Le necessità del nostro tempo

 

Per molto tempo sono andato cercando un appropriato tema scritturisti-co con il quale esprimere chiaramente l'importanza e l'attualità di un impegno celibatario nella vita di un sacerdote e recentemente in una conversazione su questa materia con un anziano amico sacerdote, la mia attenzione fu attratta dal suo costante uso del termine - "il patto". Gli ho chiesto perché egli lo raffigurasse in quel modo e la sua risposta fu che in definitiva il celibato era tutta una relazione - tra Gesù e colui che Lui ha chiamato. Stabilire quella relazione pienamente e correttamente dovrebbe essere la ragion d'essere di un impegno celibatario.

 

 

Il Patto e Israele

 

Nell'Antico Testamento il concetto di patto giocava un ruolo chiave nella visualizzazione della relazione tra Dio e il popolo di Israele.

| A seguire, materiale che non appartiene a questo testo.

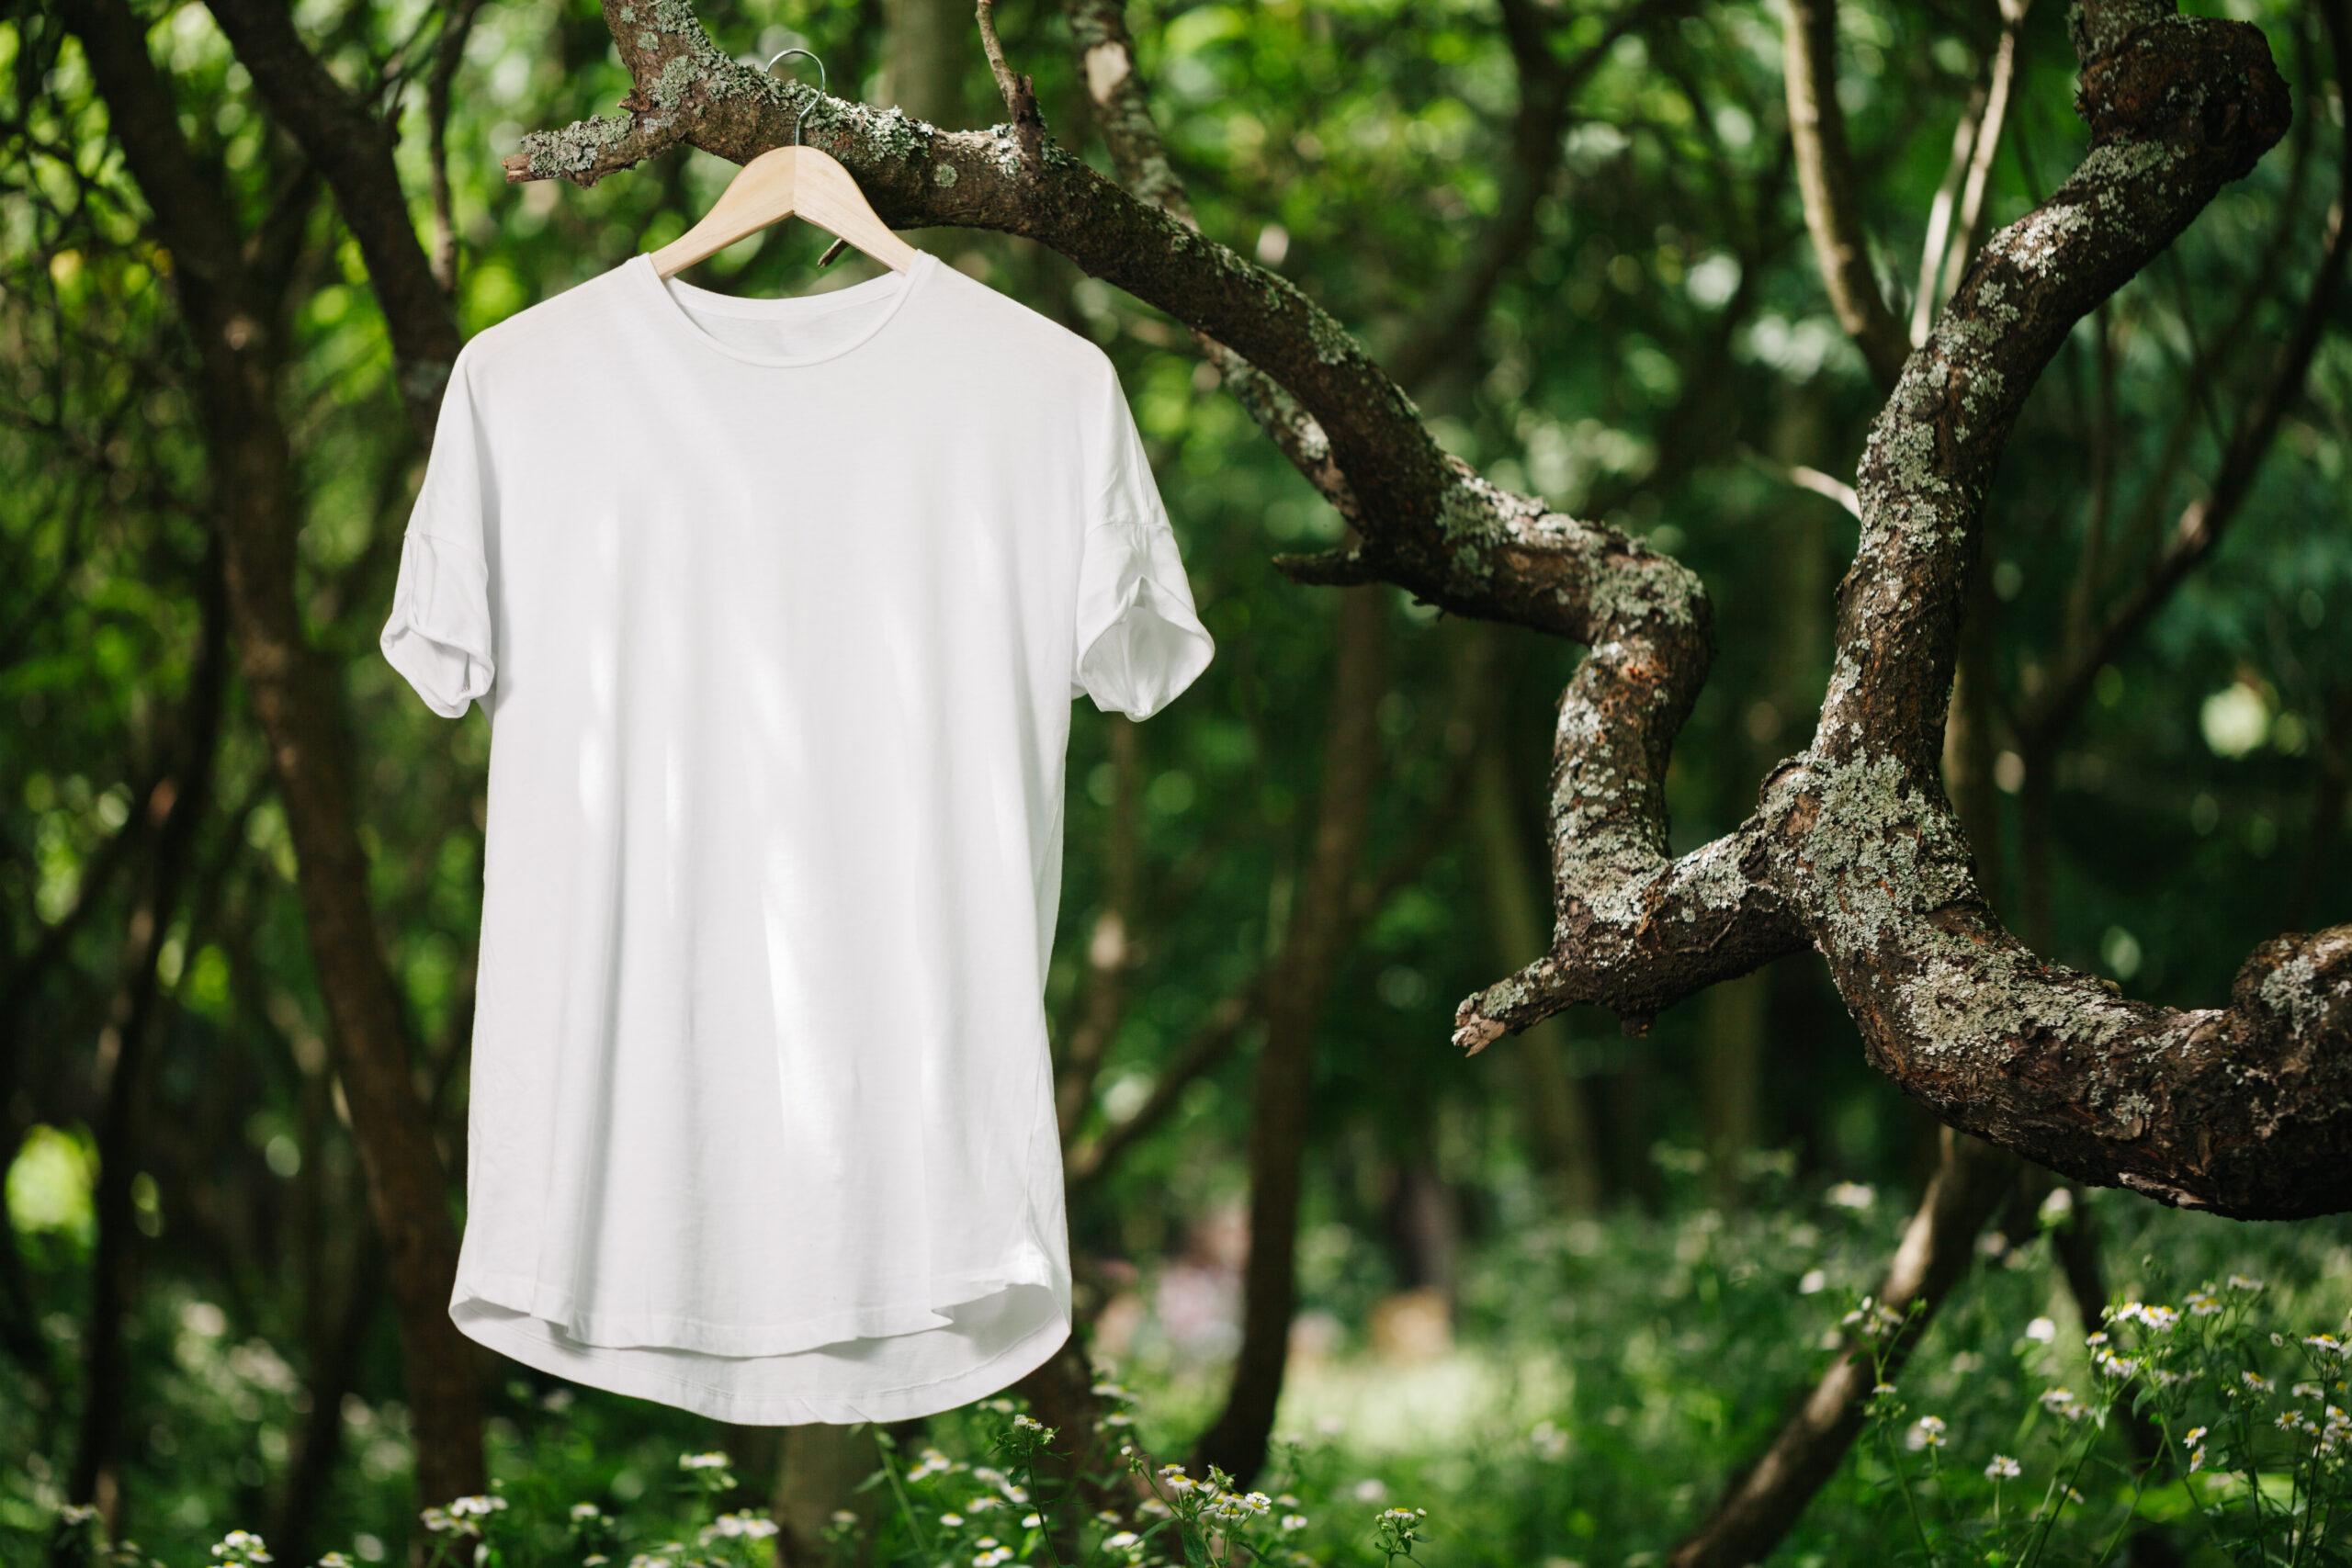 eco friendly t-shirt brands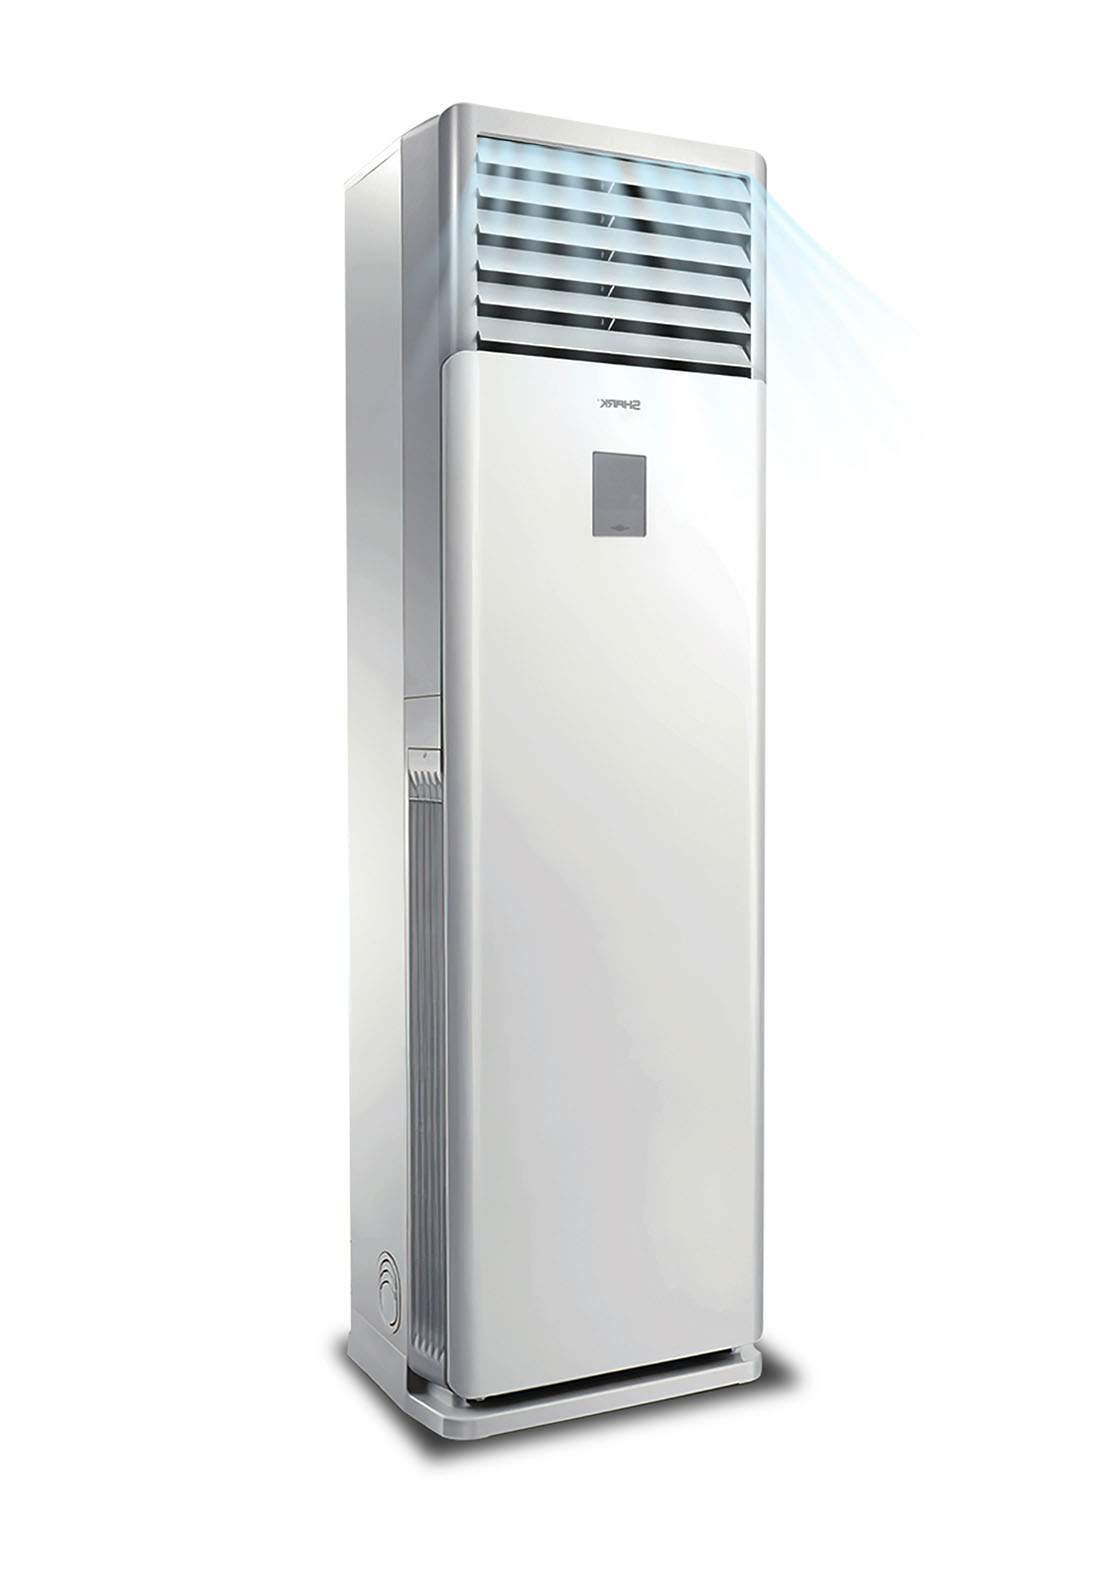 Shark Split Vertical Air Conditioner 5 Ton سبلت عمودي 5 طن

Infatti gli scrittori del Deuteronomio ripercorrono la storia d'Israele con in mente il concetto di patto. Per loro la fedeltà o no di Israele al suo patto con Dio è la chiave ermeneutica per una chiara comprensione di eventi che accadevano e di eventi che sarebbero dovuti accadere. Le benedizioni e le maledizioni furono visualizzate come l'effetto naturale della fedeltà o meno di Israele a questa relazione. La chiamata ad entrare in un tale patto è una iniziativa propria di Dio stesso e il popolo di Israele fu una Sua scelta gratuita come il popolo privilegiato ad essere lo strumento di salvezza per tutti gli altri. È gratuito perché Israele non lo aveva richiesto (Dt 9,4ss.; Dt 7,6ss.). Questa relazione è stata spesso vista come la relazione tra un marito innamorato e la propria moglie (Ez 16,6-14; Os 2,2-17; Ger 2,2; 31,3). Ci si aspettava che Israele rimanesse fedele a Dio come una moglie al proprio marito.

 

 

Agevolatori di una relazione

 

Il ruolo di coloro che sono specialmente scelti da Dio per condurre, guidare e purificare Israele fu raffigurato nel servizio di questa relazione o patto. Questi uomini scelti, resi capaci e mandati da Dio sono servitori di questo patto. Essi non sono i suoi padroni. Essi facilitano solamente tale relazione e il suo ripristino o sviluppo. Essi sono amici di Dio come fu chiamato Mosè (Ex 33,11). A lui Dio rivela i Suoi segreti (Am 3,7) e loro sono mandati da Lui per istituire (Ex 24,3-8), rinnovare (Gios 24,1-28), per richiamare (Ger 11,6) o anche per spiegare (Ger 22,9; 16,59) il patto di relazione. Il loro ruolo poi era essenzialmente di assistere Dio nell'agevolare la Sua relazione con Israele o di essere gli agevolatori del patto.

 

 

Gesù e il Nuovo Patto

 

Nel Nuovo Testamento anche Gesù parla di un patto di relazione con il popolo. I sinottici visualizzano la morte di Gesù come il sacrificio espiatore (Is 53,10) che istituisce il nuovo patto (Mc 14,24; Mt 26,28; Lc 22,20). Il nuovo patto è sigillato nel Suo sangue (1 Cor 11,25).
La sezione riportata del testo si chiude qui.